[Date Prev][Date Next][Thread Prev][Thread Next][Date Index][Thread Index]

Re: [Condor-users] Dagman Newbie Questions



Hi Jeremy,

Advance warning: I'm a Condor newbie. I’ve been tasked with evaluating Condor as a queueing platform for CG & Animation production at our facility.

Please accept my most sincere condolences. :) While render management with Condor is certainly possible (and fun) it requires a different mind-set compared to using Alfred, Deadline, Rush etc.

If I understand what’s going on, the dagman job appears to be simply a job that submits other jobs, and the downstream jobs are not even submitted until their prerequisite jobs have run. Subsequent runs can only be run again with the .rescue file. Is this correct?

Yes. DAGMan is just a simple condor job that submits child jobs when the dependencies allow and executes pre/post scripts.
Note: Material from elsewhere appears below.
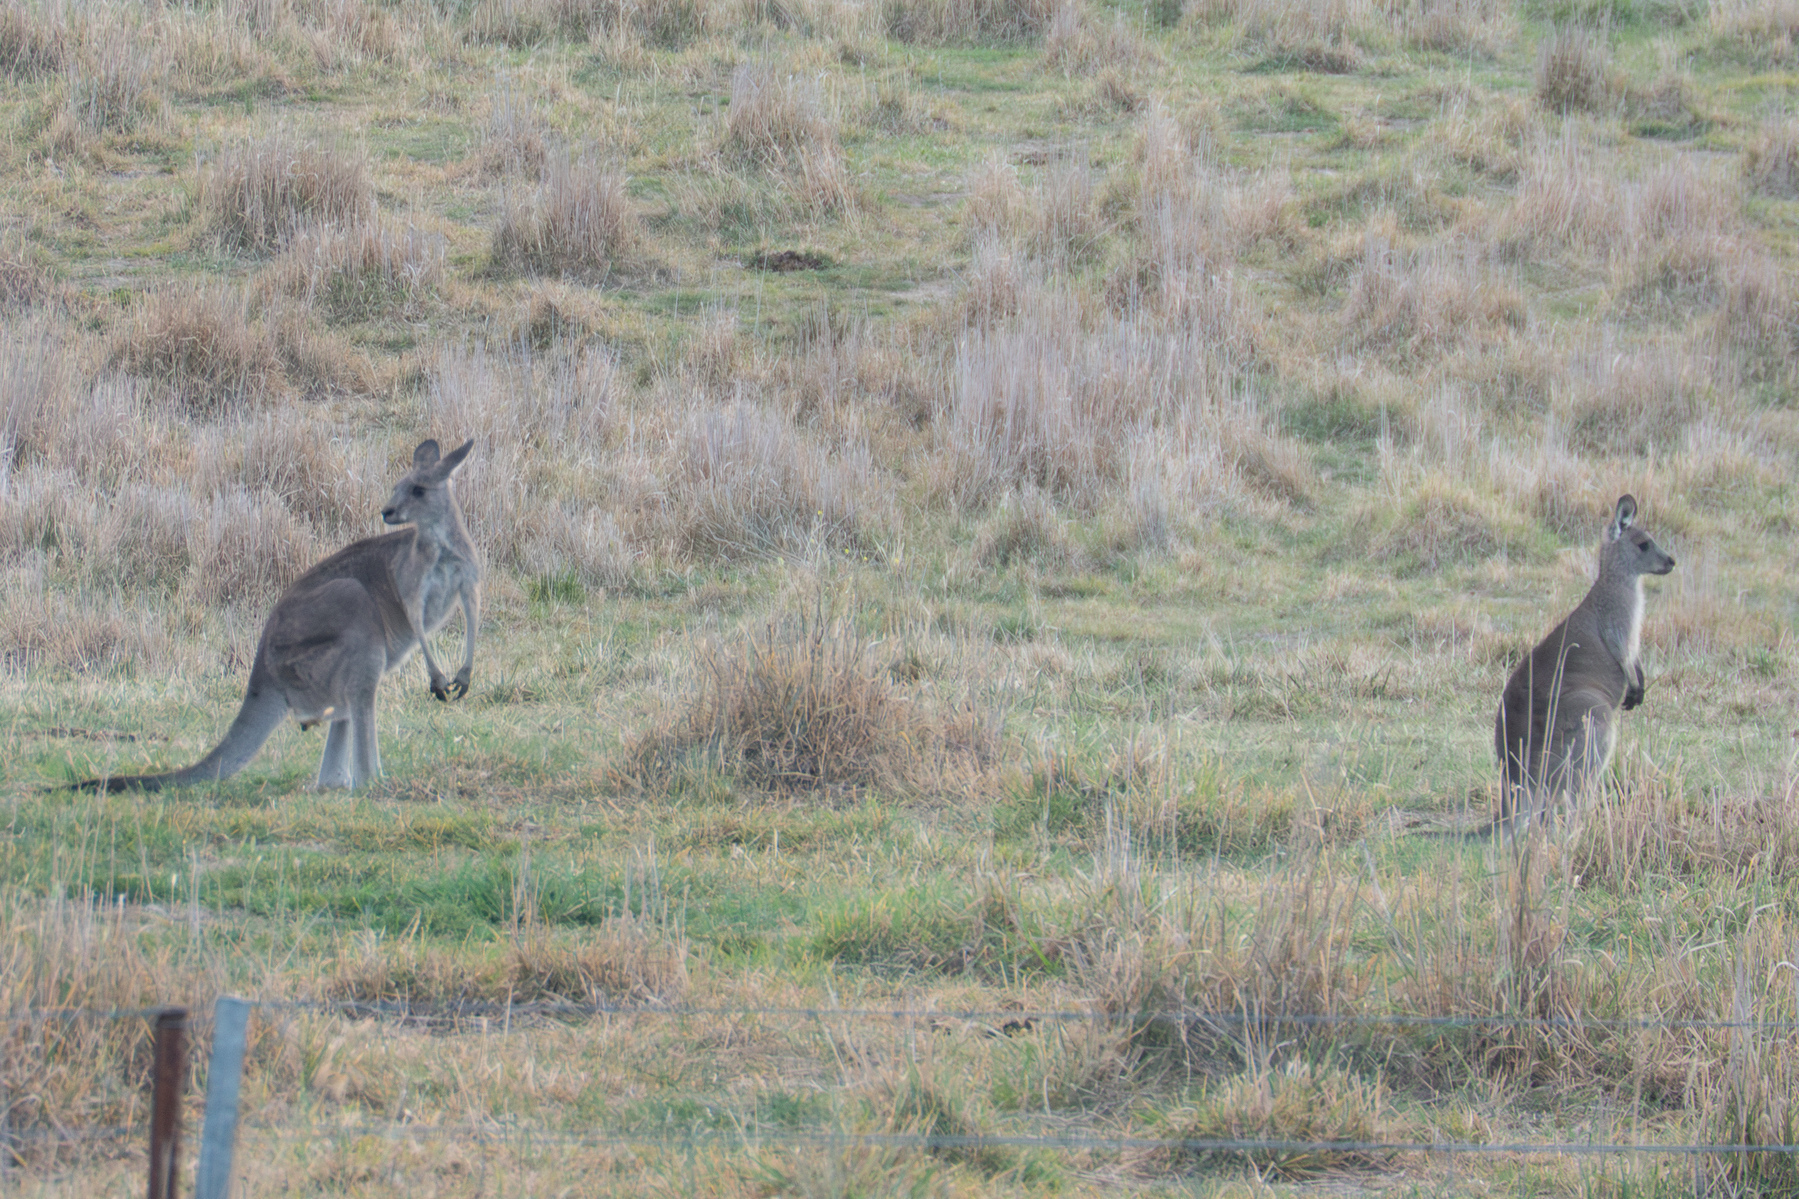 Two grey kangaroos in a field

To re-run a branch or even a single job of the DAG you have to resubmit it, either using the rescue dag functionality or script your own command.

This has consequences for us because in our business, deadlines are critical and resource utilization must be maximized. So progressive estimates of completion and remaining work are necessary. We need all nodes of the entire DAG to be present in the system to estimate resource use, even though many of the nodes may be blocked waiting for prerequisite nodes. Jobs that submit other jobs are a nasty surprise for our resource managers.

While I understand why you find it a limitation, in fact its a great thing for queue load and schedule balancing. When shot TDs submit a hundred render layers a night, each consisting a few hundred jobs it could easily choke the scheduler.
If you need information about the whole dag you still have multiple options:
- Add custom attributes to the dagman job that store how many tasks are in the whole dag by task type . (ribgen / mi file gen / render / composite / whatever) - Make your job progress window parse the DAG files and build the GUI based on that data instead of the queried or quill DB data. Its a simple way to get the hierarchical information.

Also re-running of any node and its dependent nodes is fairly common and is often done many times during pipeline troubleshooting—we don’t want to have to re-submit the entire DAG several times in separate runs because there may be long-running nodes in the DAG we want to continue in parallel while we’re working on other “broken” nodes.

Again, users usually don't care what happens under the hood if the GUI shows what they are interested in. You can easily script the submission of a dag fragment, and its up to the GUI to display it as part of the original job. By adding custom attributes to these partial jobs you can keep track of whats happening. Or if you want absolute control you can make your own dagman replacement that does the job submission and resubmission as you want.

It looks to me like we’d have a hard time getting Condor/Dagman to support these needs. I’d love any advice / comments you might have on this.

Solving your needs is just a matter of scripting the job execution / job monitor scripts. The puzzling complexity of job scheduling is what makes condor a tough bird to handle (compared to off-the-shelf render management software).
Its all just a matter of personal opinion off course.

Cheers,
Szabolcs